Case ID: f-appx_205/html/0610-01.html
Source: Caselaw Access Project
Author: {"author": "", "license": "Public Domain", "url": "https://static.case.law/"}
Date Created: 2024-08-24T03:29:51.129683

Kim BERRY, Plaintiff-Appellant, v. State of CALIFORNIA; et al., Defendants-Appellees.
    No. 05-16637.
    United States Court of Appeals, Ninth Circuit.
    Submitted Nov. 6, 2006.
    
    Filed Nov. 14, 2006.
    Kim Berry, Citrus Heights, CA, pro se.
    Susan Roche Oie, California Attorney General’s Office, Sacramento, CA, for Defendants-Appellees.
    Before: LEAVY, GOULD, and CLIFTON, Circuit Judges.
    
      
       The panel unanimously finds this case suitable for decision without oral argument. See Fed. R.App. P. 34(a)(2). We therefore deny Berry's request for oral argument.
    
   MEMORANDUM

Kim Berry appeals pro se from the district court’s judgment dismissing his action against the State of California and its officers alleging that California Family Code Section 271 violates the First Amendment. We have jurisdiction under 28 U.S.C. § 1291. After de novo review, Noel v. Hall, 341 F.3d 1148, 1154 (9th Cir.2003), we affirm.

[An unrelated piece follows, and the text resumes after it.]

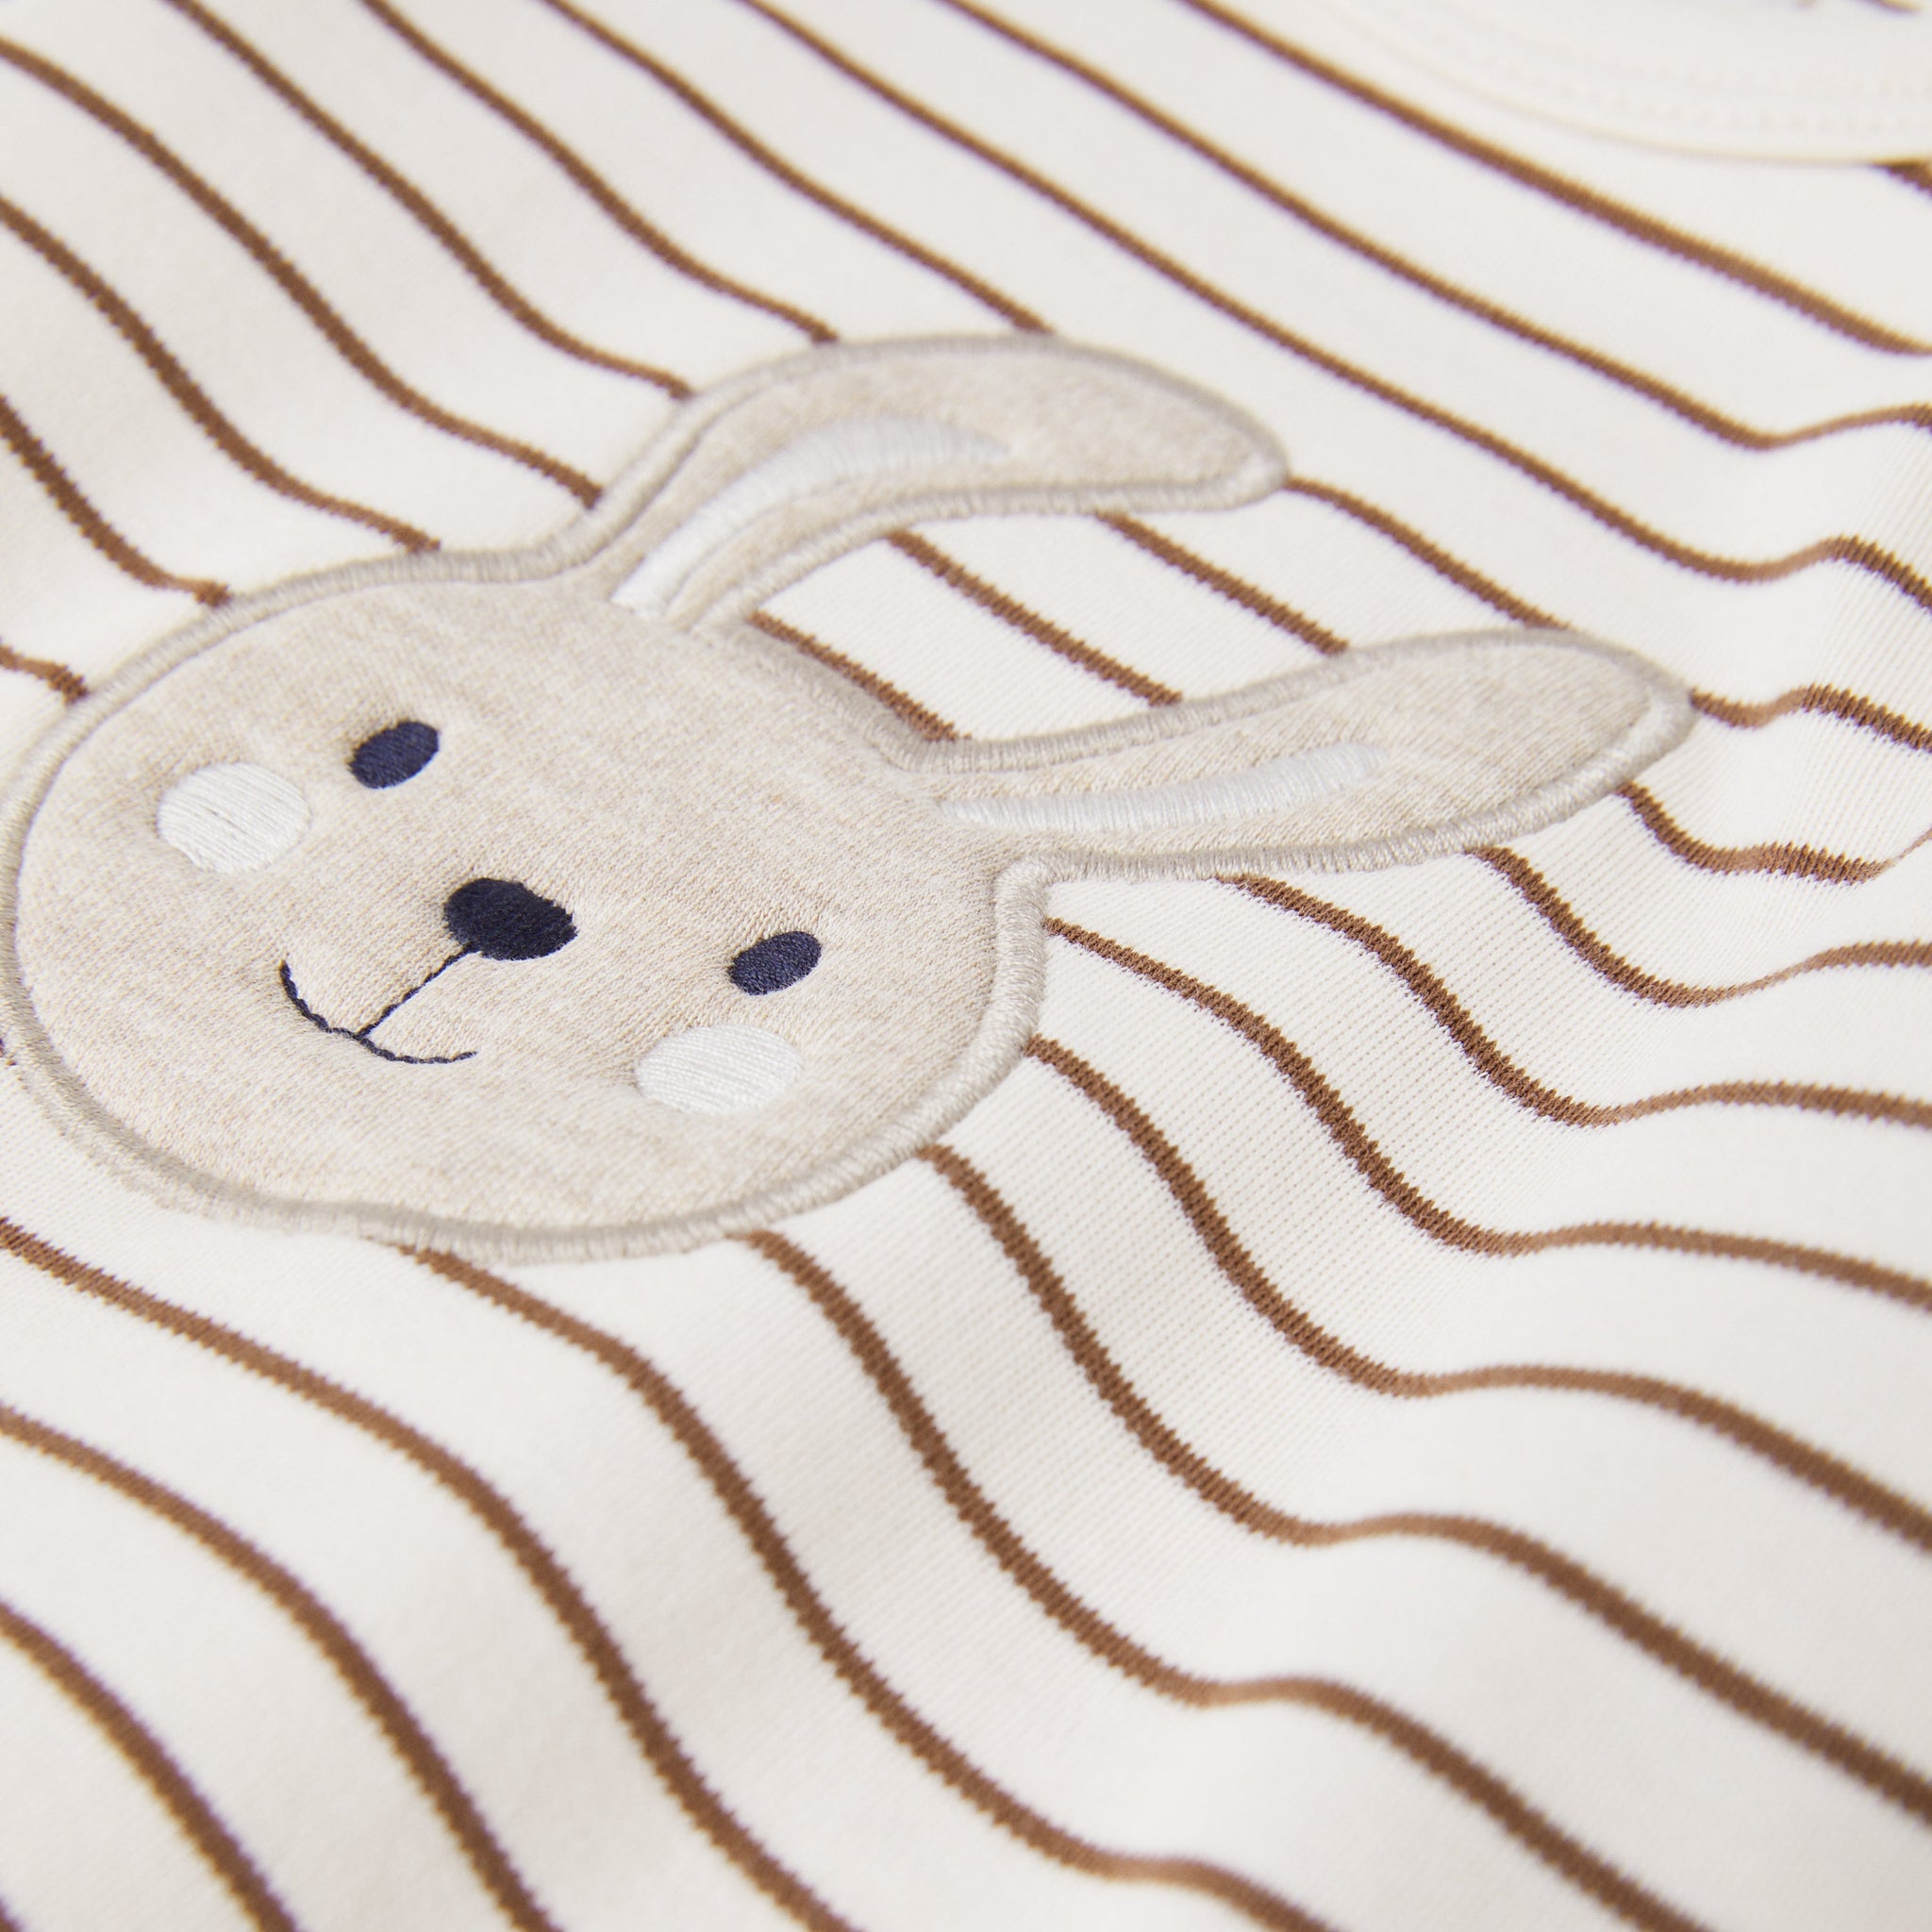 Beige Bunny Newborn Baby Top from the Polarn O. Pyret Kidswear collection. Ethically produced kids clothing.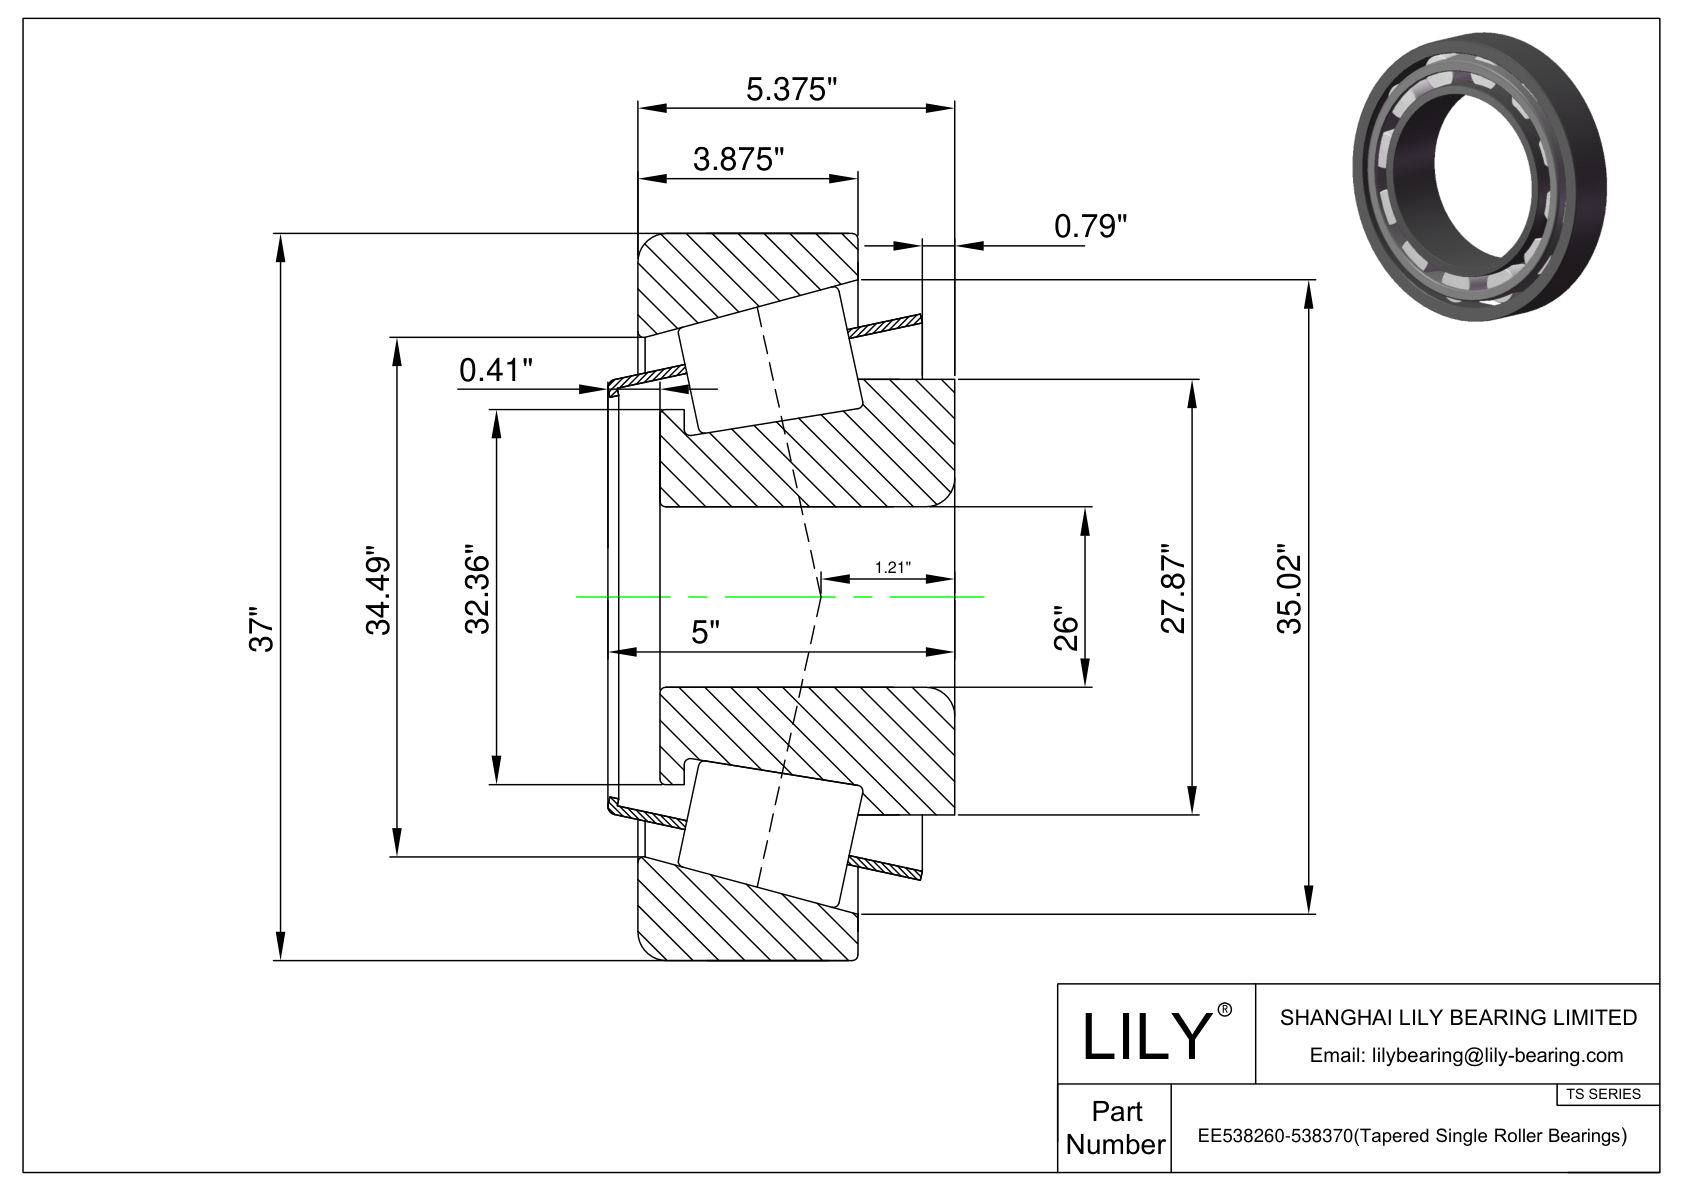 EE538260-538370 TS (Tapered Single Roller Bearings) (Imperial) cad drawing

The district court correctly concluded that it lacked jurisdiction to consider Berry’s action because the relief Berry sought would require review of the state court judgment against him. See id. at 1158. Berry’s action was thus a de facto appeal of the state court proceedings, and the district court was required to “refuse to decide any issue raised in the suit that is ‘inextricably intertwined’ with an issue resolved by the state court.” Id. We reject Berry’s contention that he brings an independent action seeking prospective relief because his complaint “asserts as a legal wrong an allegedly erroneous decision by a state court.” Id. at 1164.

Berry’s remaining contentions lack merit.

AFFIRMED. 
      
       This disposition is not appropriate for publication and may not be cited to or by the courts of this circuit except as provided by 9th Cir. R. 36-3.